Most analysts believe 2001 was a fluke. With all the focus and attention on Bronco Mendenhall’s new-look defense, it will be the success of the Cougars offense that will surprise and shock fans, competitors and national media. Mendenhall’s defense is one year away from being the dominant force Cougar fans hope it will be this year. That said, the BYU defense will bail out its offense in at least 2-3 wins this year. BYU will have the COMPLETE PACKAGE in 2004.
8. Despite the inexperience in offensive line starters, BYU’s young line will prove to be the unexpected X-factor in the Cougars’ upset wins on the road against USC and Notre Dame.
They’ve taken a lot of heat and Crowton and Mendenhall have deliberately thrown everything – but the proverbial kitchen sink – at them to teach correct principals and how to govern themselves through repetitious practice adversity. The key to their combined success is Scott Jackson and the incredible leader and example he is to this unit that starts two redshirt freshman and could see two other true freshman play this fall. Everyone knows about Ofa Mohetau, but one to watch is Hawaiian RJ Willing, who is a better pass blocker right now than Mohetau. If BYU did nothing but run the ball, Mohetau would definitely start much sooner this year. He’s that good as a true freshman.

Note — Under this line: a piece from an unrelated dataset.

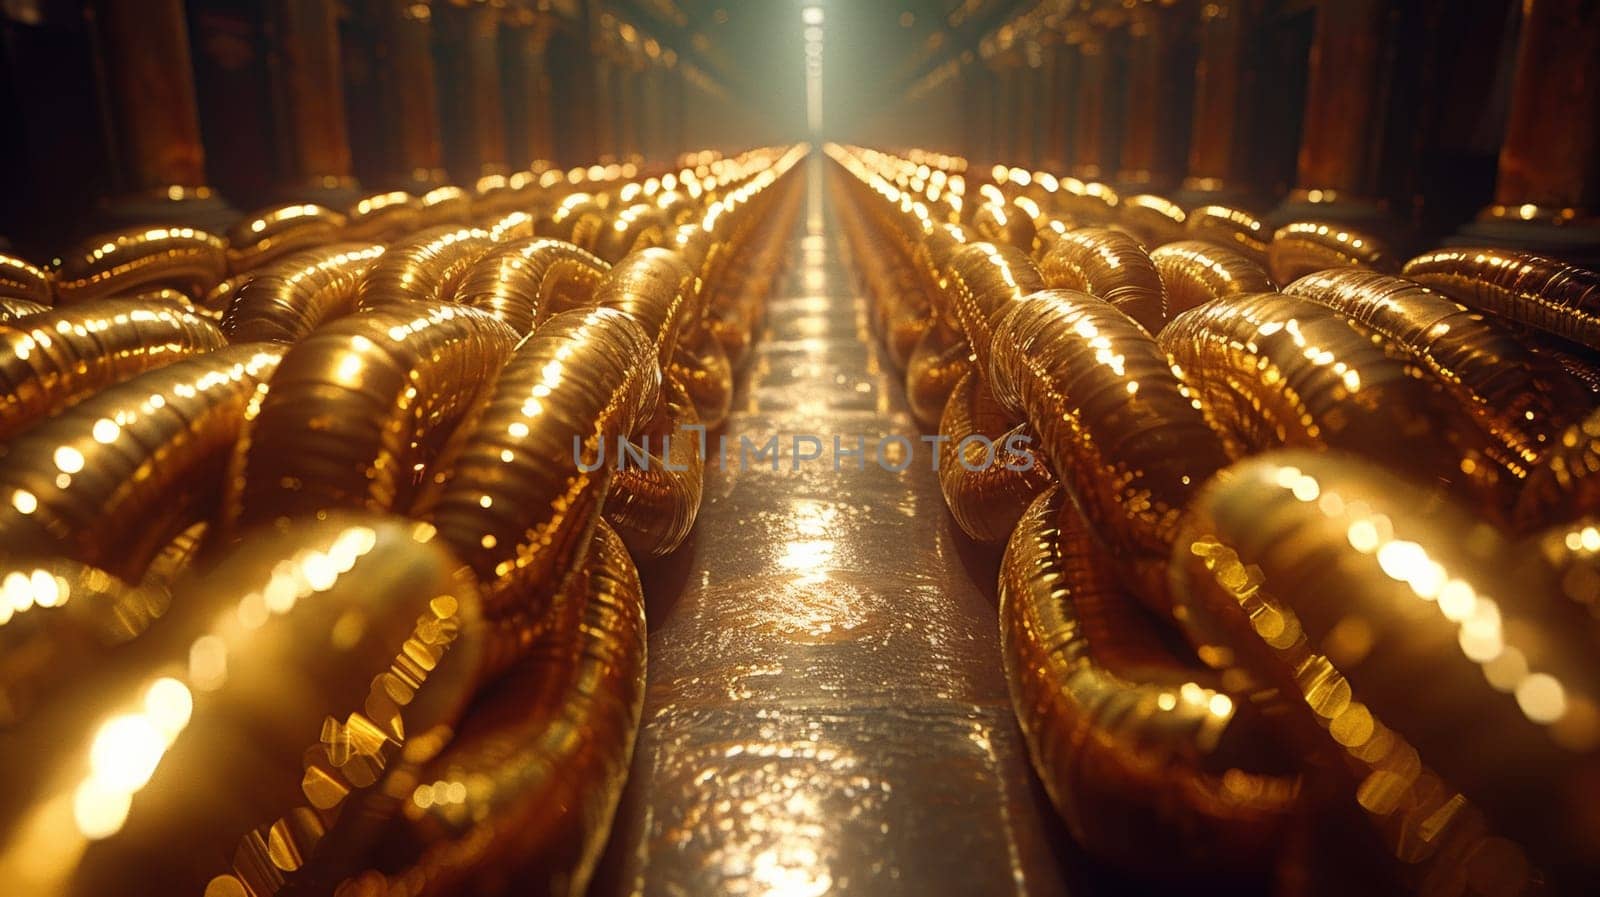 A row of golden chains are lined up in a warehouse

9. Taufui Vakapuna will emerge as the most effective running back in BYU’s multi-dimensional offensive arsenal this year.
The reason is quite simple: Most defenses will focus on Marcus Whalen because they have to. However, Crowton’s use of Vakapuna as a blocker and pass catching fullback out of the backfield at the right moments will yield large yardage gains and force defensive shifts. The variables that Crowton, Bosco and Bradford will have at their disposal with USA Grade A athletes will catch a lot of defenses off guard. Consider this: BYU has top drawer quality athletes at running back and fullback with excellent pass catching skills; three decent tight ends (Daniel Coats is one year away from being the star he will become); exceptional corps of wide receivers to stretch the field (Rod Wilkerson and Chris Hale), run precision shorter routes (Toby Christensen), and playmakers in the middle routes who will make things happen (Jason Kukahiko and David Christensen).
10. Matt Berry is BYU’s best chance for quarterback success this year because of his game experience and off-season preparation at reading, understanding and reacting simultaneously to multiple defensive alignments the Cougars will face.
As talented as John Beck (and he looks more fluid and athletic than Berry) might be, he thinks he’s ready, but he’s not ready to put his feet to the proverbial fire with the level of top caliber competition BYU faces this year. Crowton’s predetermined situational use of Beck actually makes a lot of sense in case Berry goes down to injury. Crowton doesn’t ever want to be in the same position he was in last year in not having a back-up quarterback he does not have full confidence in. That’s why it’s important to give Beck more game-time reps. Berry would have to screw up royally in multiple games to lose his starting slot. That won’t happen.
11. You can credit strength and conditioning coach Jay Omer for at least one win per year.
The players and coaches know how lucky they are to have Omer on BYU’s coaching staff. He is the man they love to hate until they perform to their peak during games. It’s a testament to his effectiveness that defensive players would sooner run and participate in Mendenhall’s exhaustive drills than spend practices on the sidelines with Omer. The superior conditioning of BYU athletes will result in multiple turnovers that will win games this year and every year. Give Omer his due.
12. The most effective defensive lineman this year will not be Brady Poppinga, but Manaia Brown – barring injury.
I know I’ll get a fair amount of ribbing and flak with this one, but look for many news media references to “maniacal or manaiacal” defense in the next two years.
13. The return to BYU’s football glory years begins this year and all Cougar fans owe a great debt of gratitude to Lavell Edwards for establishing the great worldwide reputation and tradition at BYU that Crowton now enjoys.